Ethiopian-American philologist (1931–2021)

Getatchew Haile (ጌታቸው ኀይሌ; April 19, 1931 – June 10, 2021) was an Ethiopian-American philologist widely considered the foremost scholar of the Geʽez language and one of its most prolific (he published more than 150 books and articles). He was acknowledged for his contributions to the field with a MacArthur Fellows Program "genius" award and the Edward Ullendorff Medal from the Council of the British Academy. He was the first Ethiopian and the first African to win the award.

== Early life ==

Haile was born in the rural village of Tute in Shenkora (part of the province of Shoa in the Ethiopian Empire). As a boy, he attended an Ethiopian Orthodox Church school, where he learned the Geʽez liturgical language and "devoted his energies to reading and understanding the texts."

From 1945 to 1951, he attended Trinity School in Addis Ababa. Haile moved to Cairo in 1952, and lived there through most of the 1950s, graduating from the Coptic Theological College, Cairo, Egypt with a B.D. in 1957, and from the American University in Cairo, with a B.A. in 1957. He then moved to West Germany in 1957, where he received a Ph.D. from the University of Tübingen in Semitic Philology in 1962. The title of his dissertation was Das Verbalsystem im Äthiopischen: Ein morphologischer Vergleich mit den orientalischen semitischen Sprachen. Haile married Misrak Amare on July 12, 1964, in Sidamo.

During the Ethiopian Revolution in 1974, Haile, a believer in constitutional monarchy under the Solomonic dynasty, became a member of the transitional Ethiopian Parliament from Shoa province. Due to his vocal criticism of both dictator Mengistu Haile Mariam and the Marxist–Leninist and Soviet-backed Derg military dictatorship, the Ethiopian Army came to Haile's home at the beginning of the Red Terror in 1975. According to the Ethiopian Government, Haile was involved in a shootout while resisting arrest, but was eventually wounded and captured. According to Getachew Haile, on the other hand, he was the victim of a premeditated and unprovoked assassination attempt by a Derg death squad. After the BBC World Service and Voice of America publicized him as a prisoner of conscience worldwide, the Ethiopian government released him. Through the intervention of friends, Haile was allowed to travel to London for medical treatment. He was left as a paraplegic due to bullet damage to his spinal cord, and needed to use a wheelchair for the remainder of his life.

== Academic career ==

Haile was associate professor in the Department of Ethiopian Languages and Literature, Haile Selassie I University (now Addis Ababa University), from 1962 to 1969, and 1971 to 1974, where he taught Amharic Grammar, Amharic Literature, Ge'ez Grammar, Ge'ez Literature, Arabic Grammar, and Semitic Linguistics. He was appointed head of the department in 1965.

After arriving in the U.S. in 1976, Haile joined Saint John's University in Collegeville, Minnesota. He eventually became a Regents Professor Emeritus of Medieval Studies and Curator Emeritus of the Ethiopian Study Center at the Hill Museum & Manuscript Library. At HMML, he prepared catalogues of more than six thousand Ethiopian manuscripts and trained Ethiopic manuscript cataloguers in paleography, dating, and other skills.

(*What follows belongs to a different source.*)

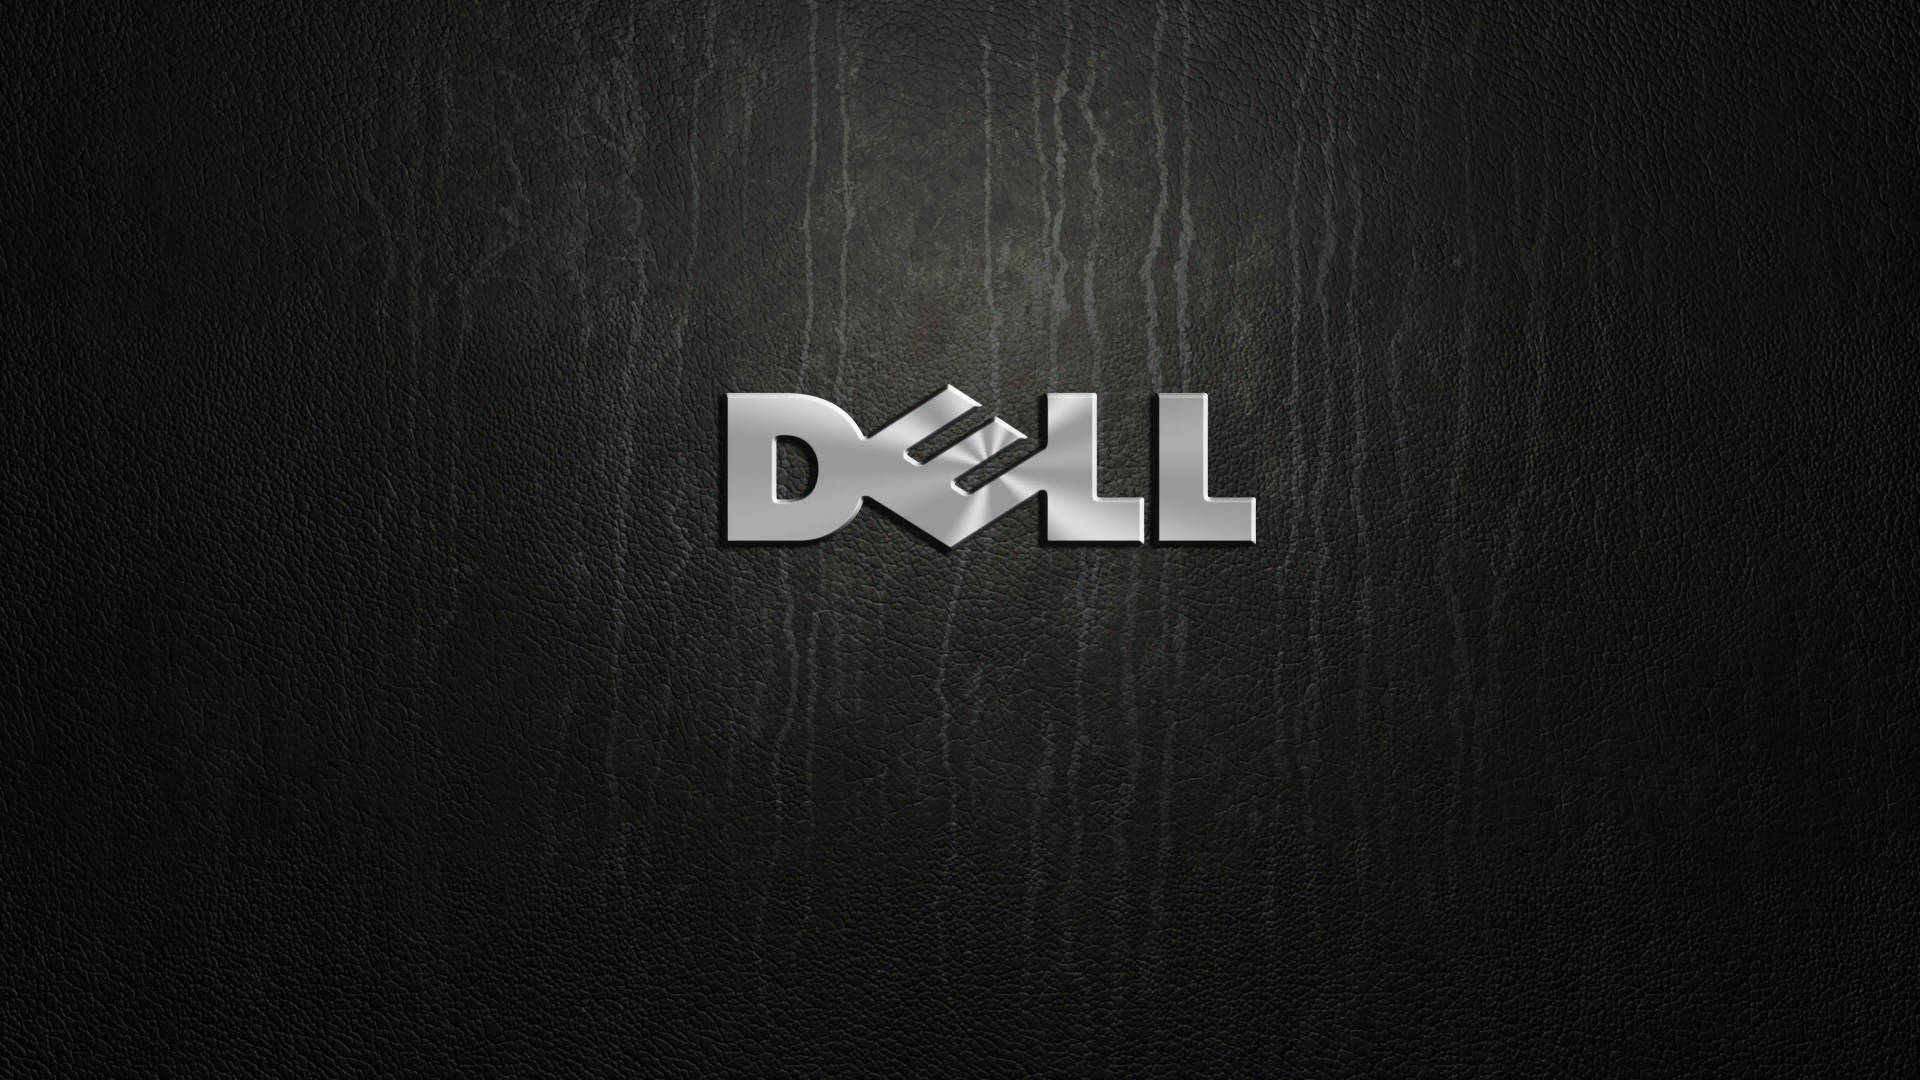 Dell 4k-logo På Træ Wallpaper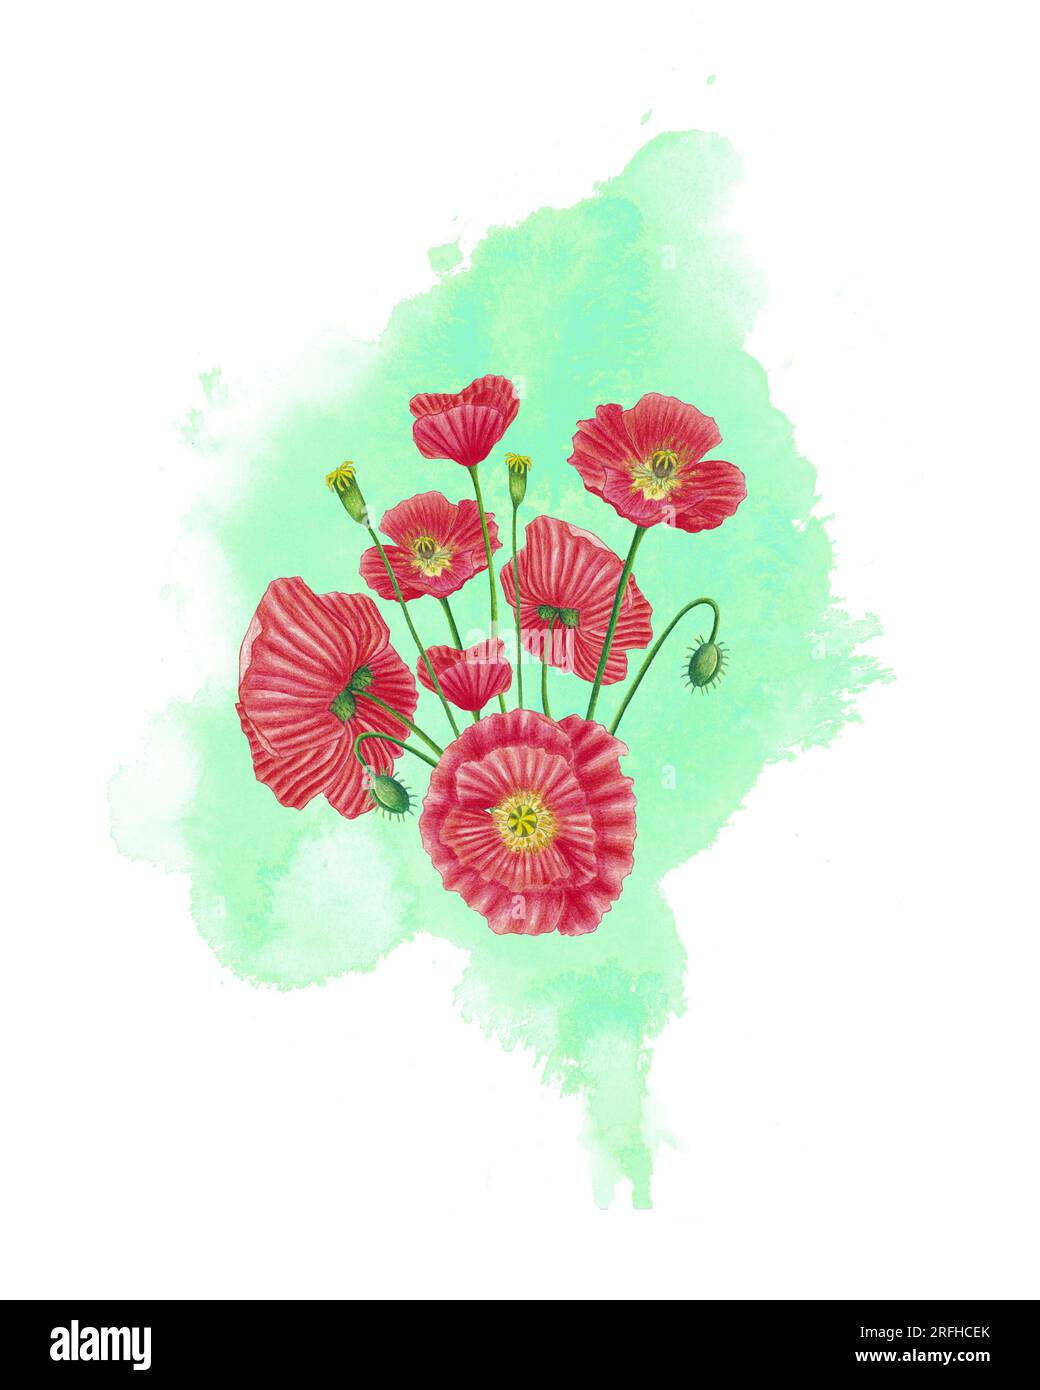 Composition de fleur de coquelicot rouge avec éclaboussure d'aquarelle verte. Carte de voeux et modèle de bannière, invitation, carte postale avec des fleurs de champ, bourgeon, graines Banque D'Images

He was on the advisory board of a number of journals, including Comité de lecture of Analecta Bollandiana (Journal of Christian Hagiography), Ethiopian Journal of Education, Journal of Ethiopian Studies, Northeast African Studies, Ethiopian Register (1994–2001), and Acta Aethiopica (1980–89).

In addition to his writings and translations of a variety of works on Ethiopia and the Orthodox church, he produced two two-volume books on the history and beliefs of Abba Estifanos of Gwendagwende, one in 2006 and the other in 2011. His first translation, into Amharic, was of Mark Twain's short story Extracts from Adam's Diary in 1965.

The languages in which he worked were Amharic, Geʽez, Arabic, Hebrew, Latin, Greek, German, and Coptic.

== Reputation ==

Haile's work has frequently been described as foundational to the field of Ethiopian studies and has won many awards.

Edward Ullendorff, professor of Semitic studies at the School of Oriental and Asian Studies, described Haile's work as "highly significant" due to his "profoundly erudite" knowledge of Ethiopic language and literature. On another occasion, Ullendorff wrote that Haile's work represented the "most meticulous and original study of Ethiopic literature" ever done, and "on a scale and depth never before attempted." He added, "no other person before Getatchew Haile has ever been able to survey so much of Ethiopic literary creation and thus to gain so sovereign a command of this genre", which made a contribution not only to Ethiopian studies but also the study of Christian oriental writing more generally.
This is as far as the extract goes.